1. Le vélo a ouvert la voie aux femmes, alors les médecins ont inventé une maladie
Dans les années 1890, le cyclisme est devenu de plus en plus populaire auprès des femmes. Pour dissuader ces dernières de vouloir enfourcher le nouveau vélo de sécurité, moins cher et plus pratique que bon nombre de tricycles antérieurs, des critiques conservateurs et des médecins ont inventé un trouble médical appelé « visage de cycliste ». Ce trouble était censé déformer de manière permanente les traits des femmes. Sans se laisser décourager, les femmes ont continué à rejoindre des clubs de cyclisme et à rouler ensemble. Cet engouement a contribué à la réforme vestimentaire, les cyclistes féminines adoptant des bloomers et des jupes fendues plutôt que les jupes traditionnelles encombrantes pour l’occasion.
2. Les bijoux en cheveux étaient destinés aux amis, pas seulement aux funérailles
Entre les années 1840 et 1880, les femmes se réunissaient autour de la table à tresser chez elles pour transformer leurs cheveux en broches, bracelets, œuvres d’art encadrées et bien d’autres objets. Si ces créations servaient parfois de bijoux de deuil, des amies, telles que des camarades de classe ou des proches, se partageaient également leurs cheveux lorsqu’elles se mariaient ou déménageaient. Alors oui, offrir une mèche de ses cheveux à sa meilleure amie peut en réalité être un geste sentimental plutôt qu’inquiétant. Des livres d’artisanat de l’époque décrivent cette technique en détail et présentent ses nombreuses utilisations et motifs.

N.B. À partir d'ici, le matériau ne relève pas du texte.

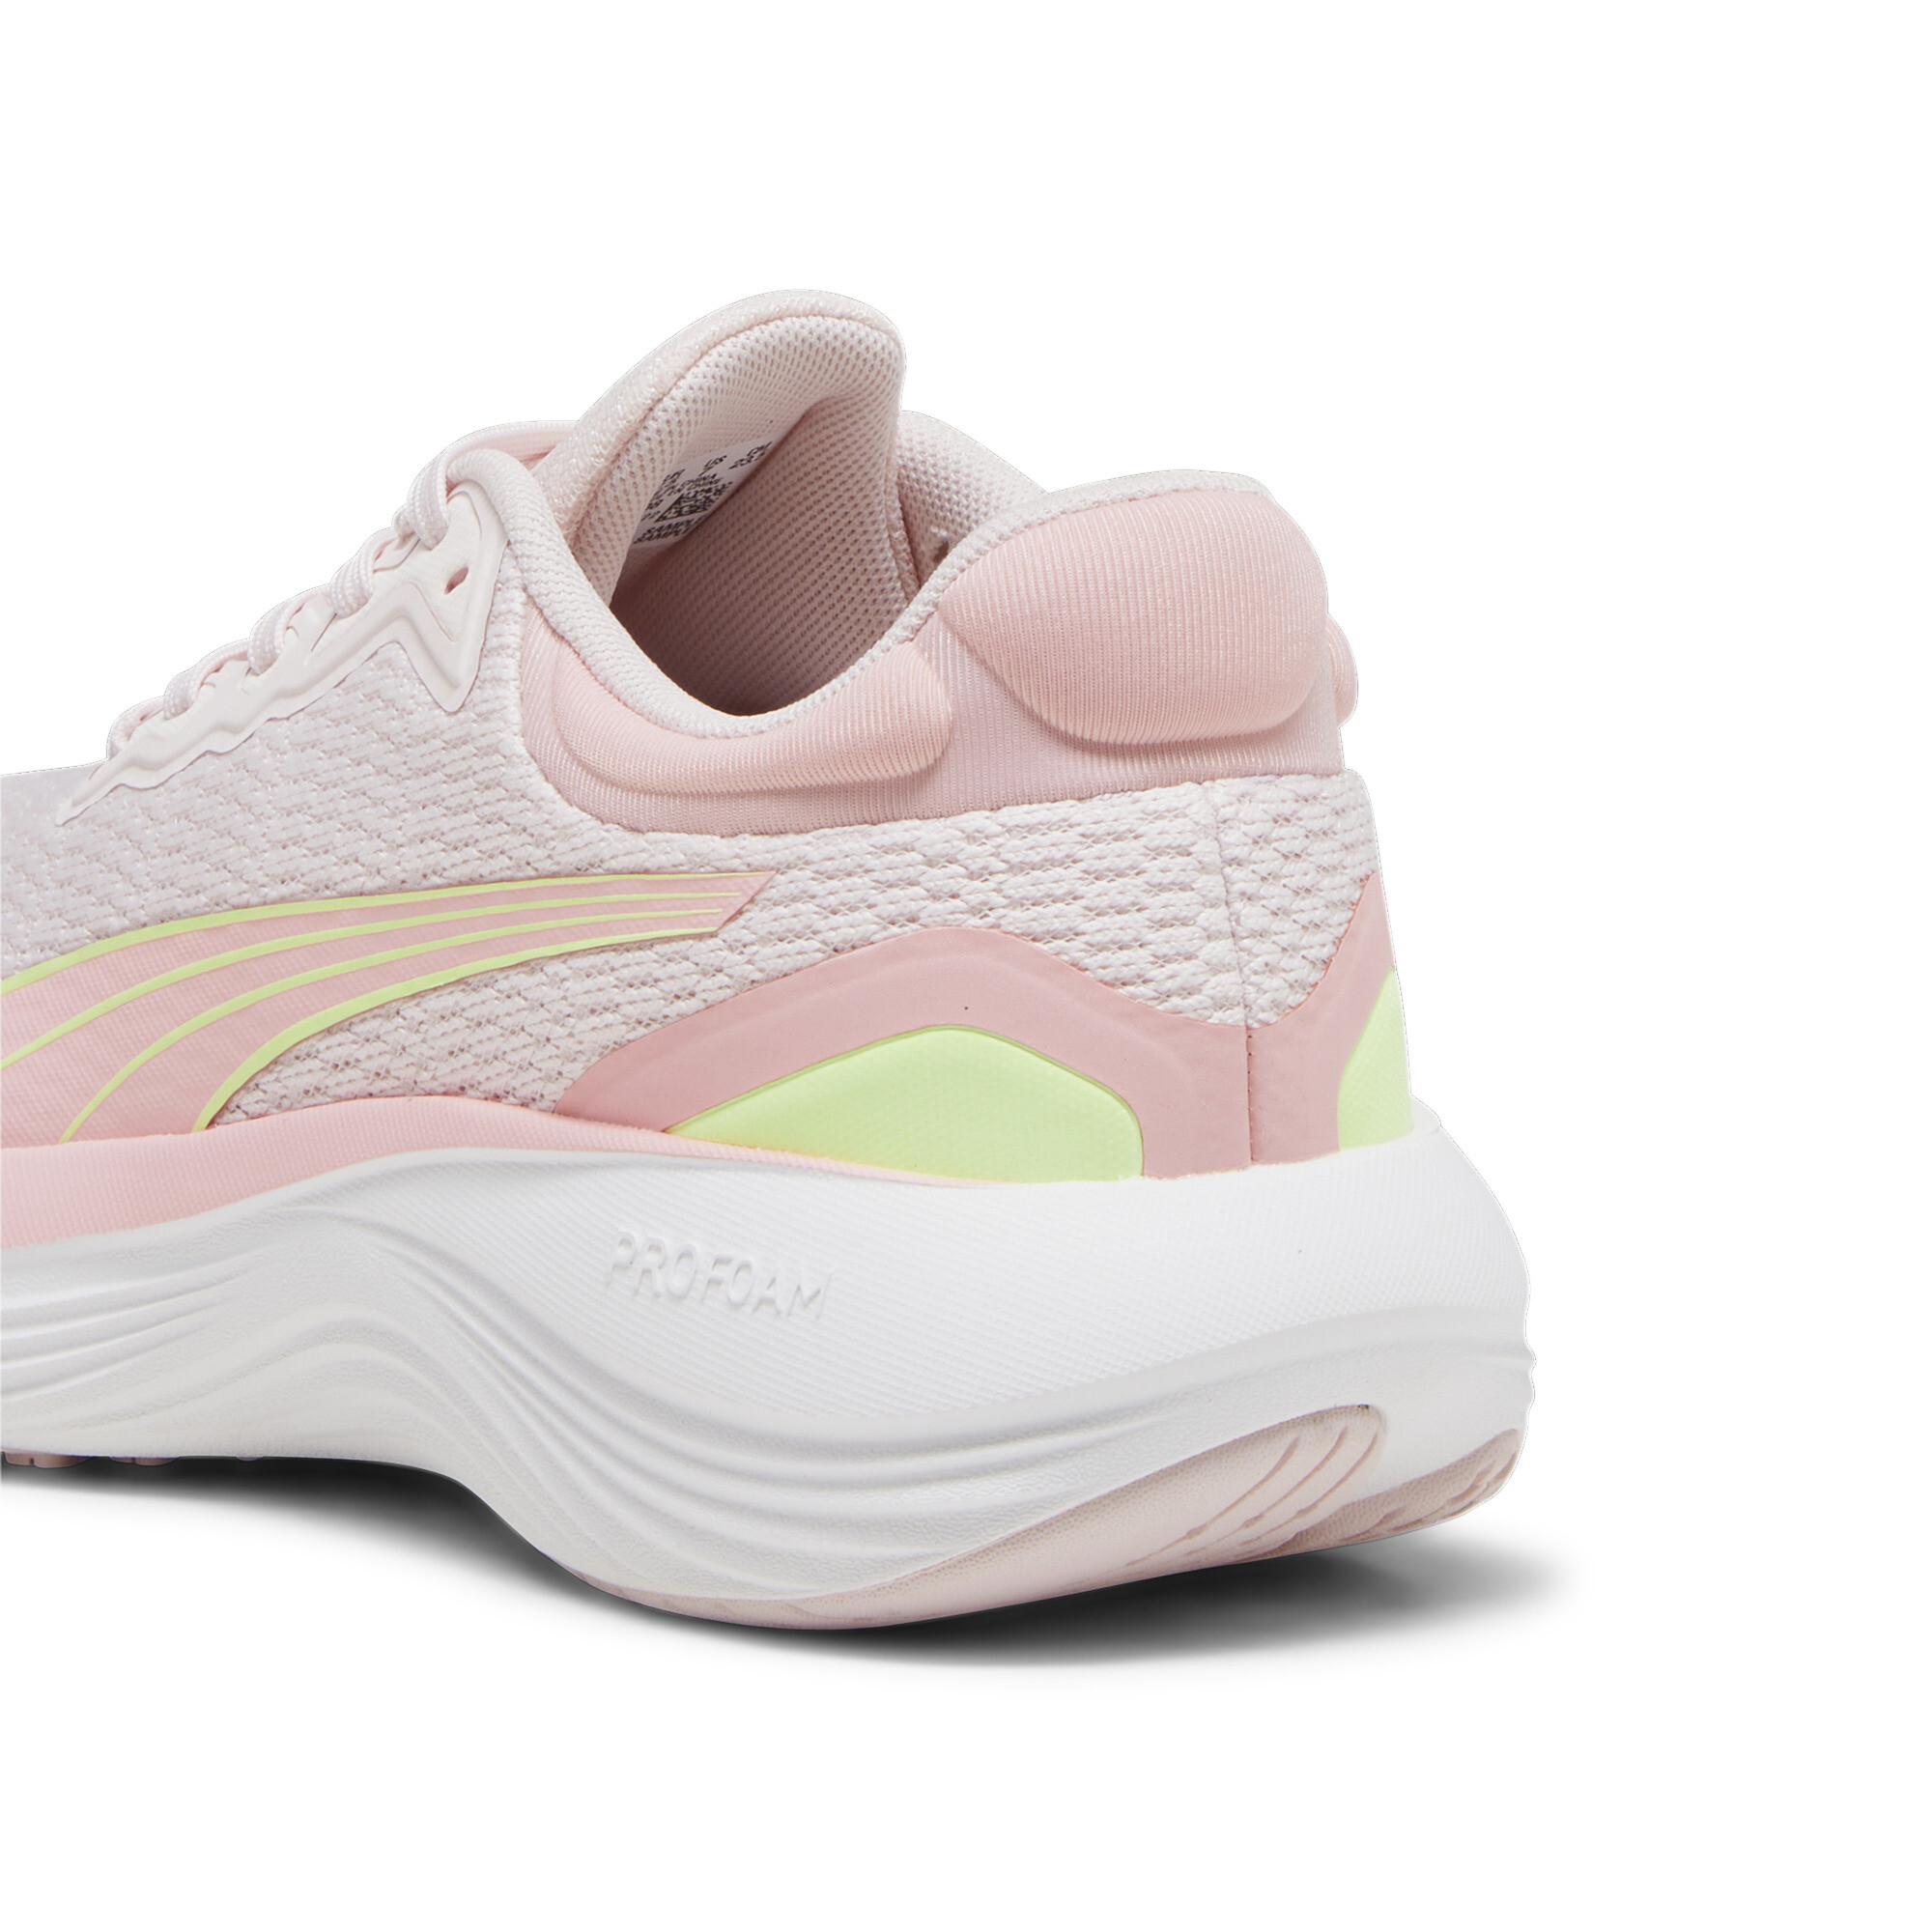 Men's PUMA Scend Pro Running Shoes In Pink, Size EU 40.5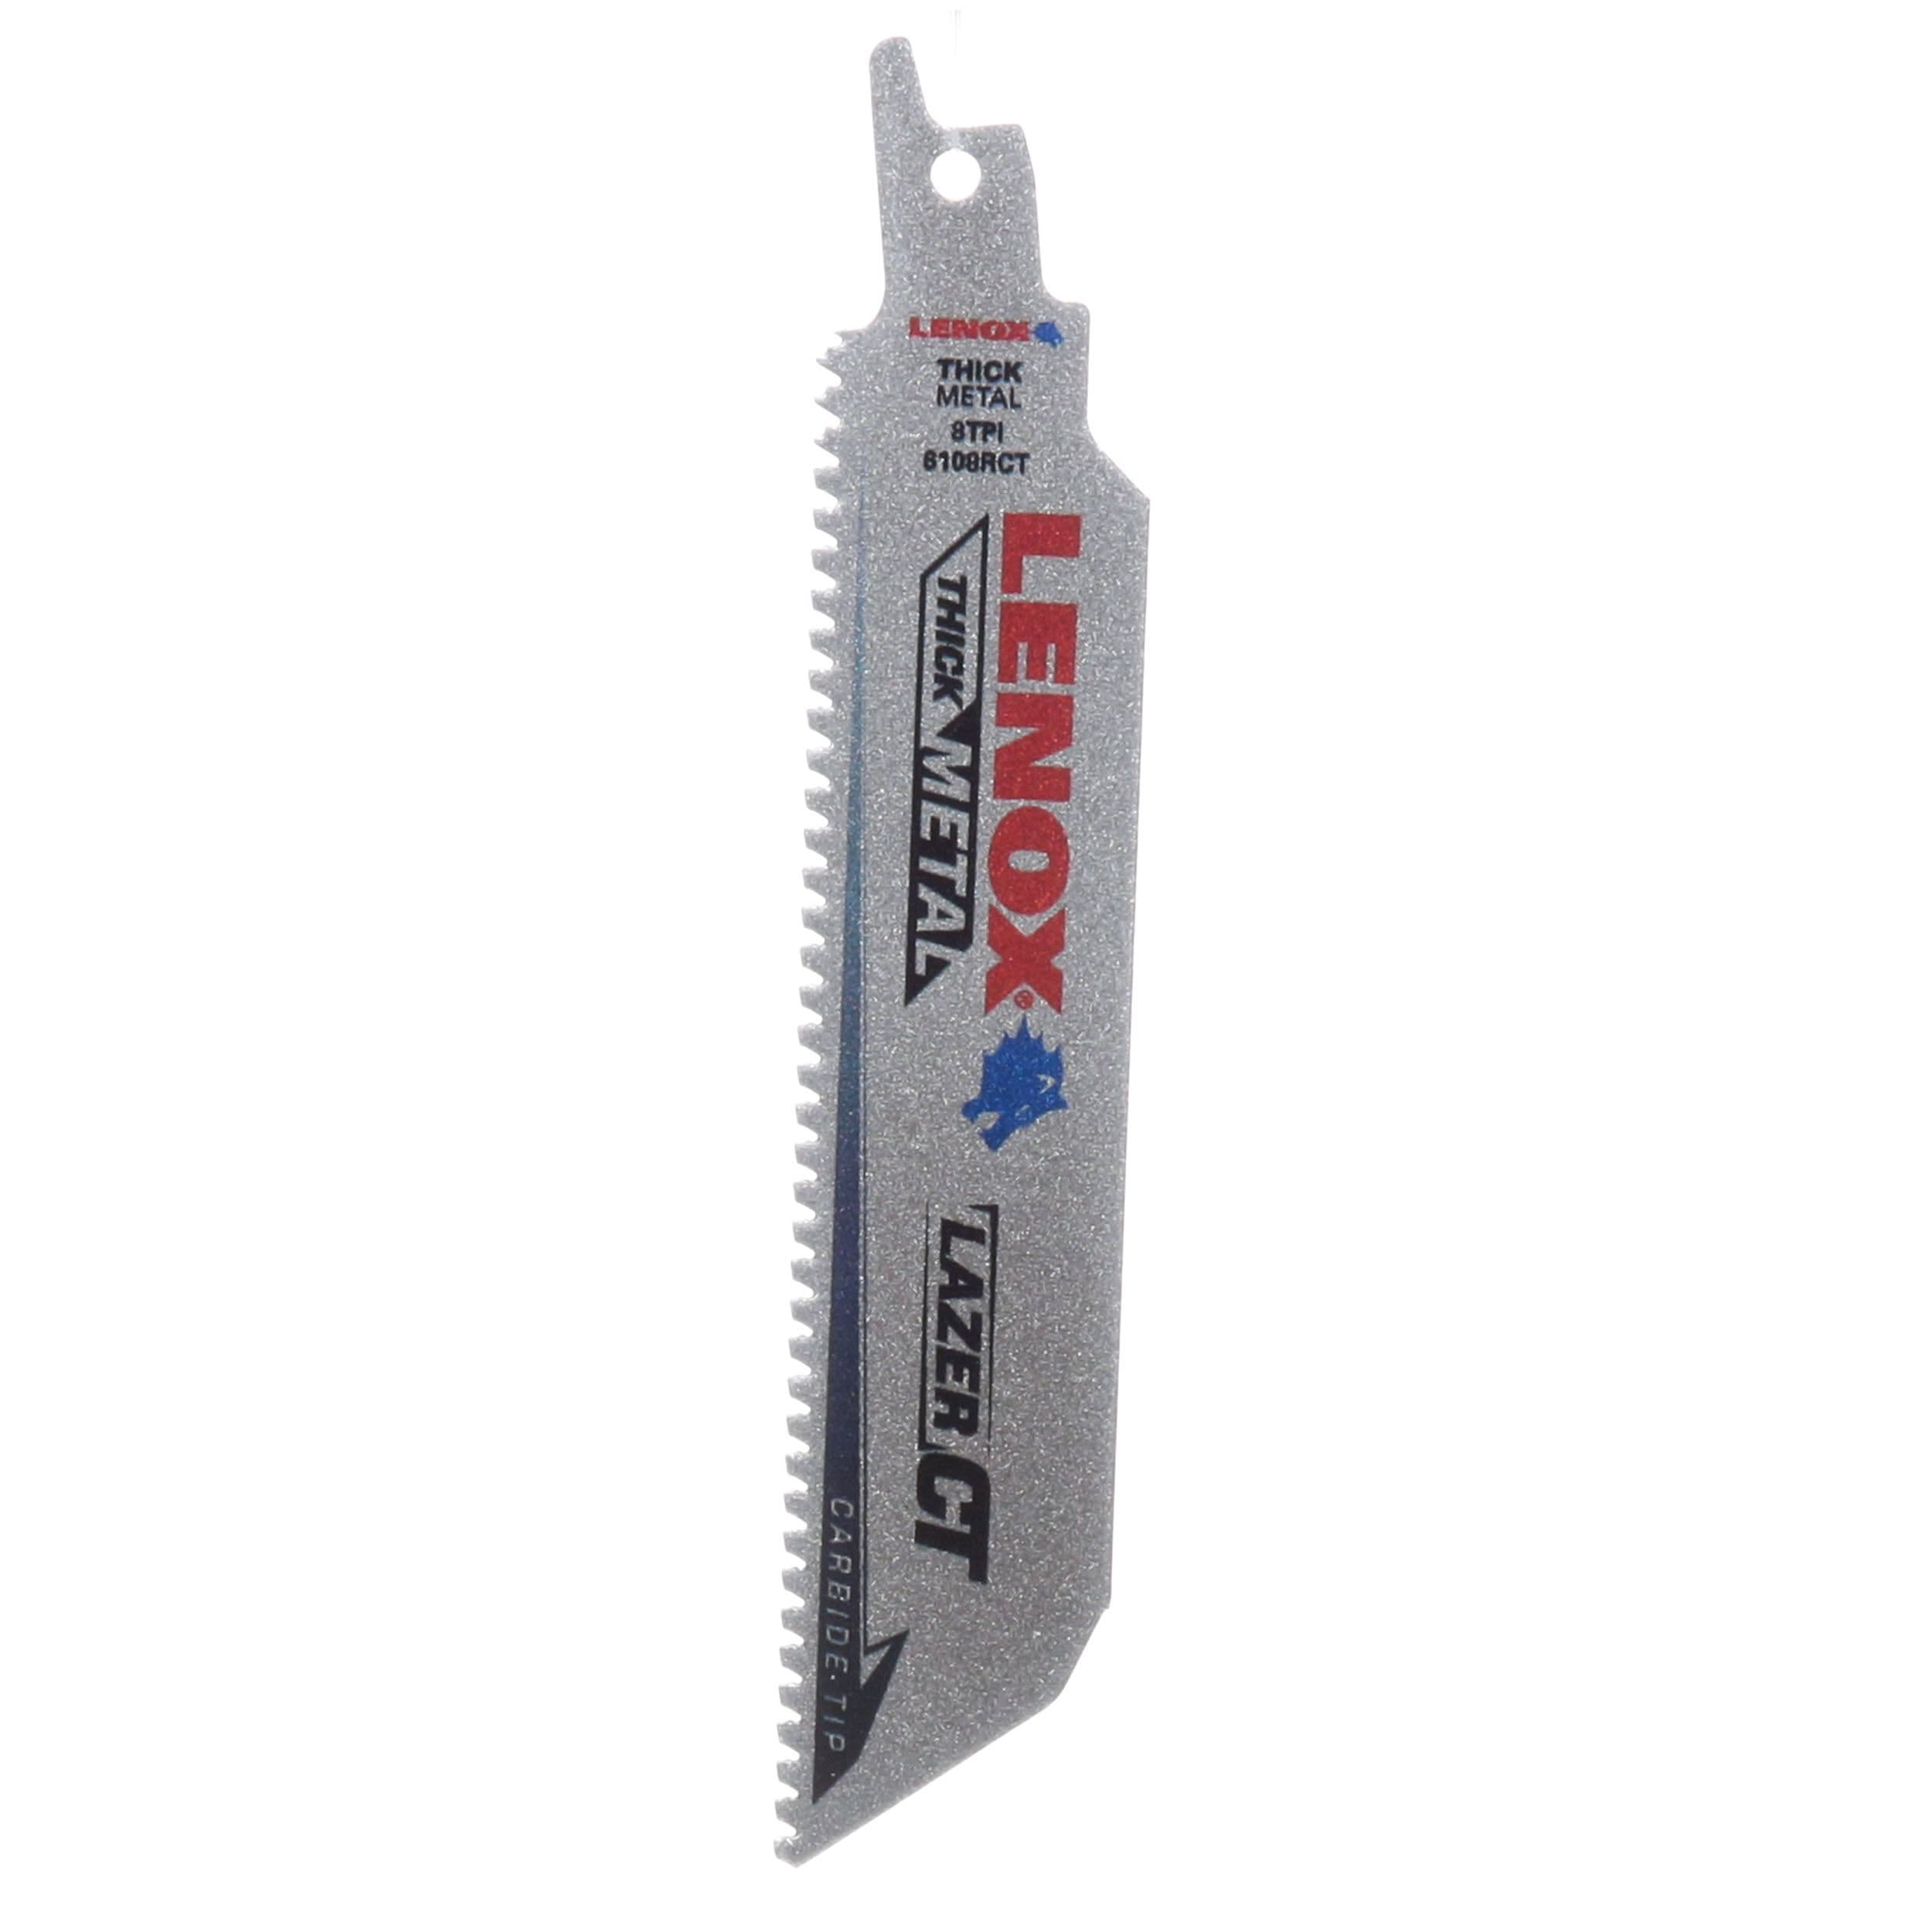 2 Lenox 6" 8 TPI Carbide Tip Thick Metal Reciprocating Saw Blades 2014220

3. Le tennis a fait son apparition, et les femmes y jouaient en corset
Les femmes jouaient au tennis en corset et en jupe longue ! En 1874, le major Walter Clopton Wingfield fit breveter le « lawn tennis », qui détrôna rapidement le croquet pour devenir la nouvelle coqueluche du moment. En 1884, Wimbledon organisait son premier tournoi de simple féminin ; à cette époque, le double féminin et les épreuves mixtes étaient déjà très populaires dans les domaines privés et les clubs de banlieue.
4. La chasse aux fougères était une activité scientifique, donc personne n'avait besoin d'un accompagnateur
Dans son ouvrage Glaucus, publié en 1855, le pasteur Charles Kingsley a donné un nom à l’un des passe-temps les plus insolites de l’Angleterre victorienne : la « ptéridomanie », ou folie des fougères. Les femmes organisaient des excursions dans la campagne britannique à la recherche de spécimens rares, qu’elles pressaient ensuite dans des albums ou cultivaient sous verre dans des récipients spéciaux appelés « caisses de Ward ». Contrairement aux visites de salon entre femmes, la collection de fougères était considérée comme une activité moralement édifiante ; ces excursions permettaient donc également aux femmes de bénéficier d’un peu plus de liberté pour se promener.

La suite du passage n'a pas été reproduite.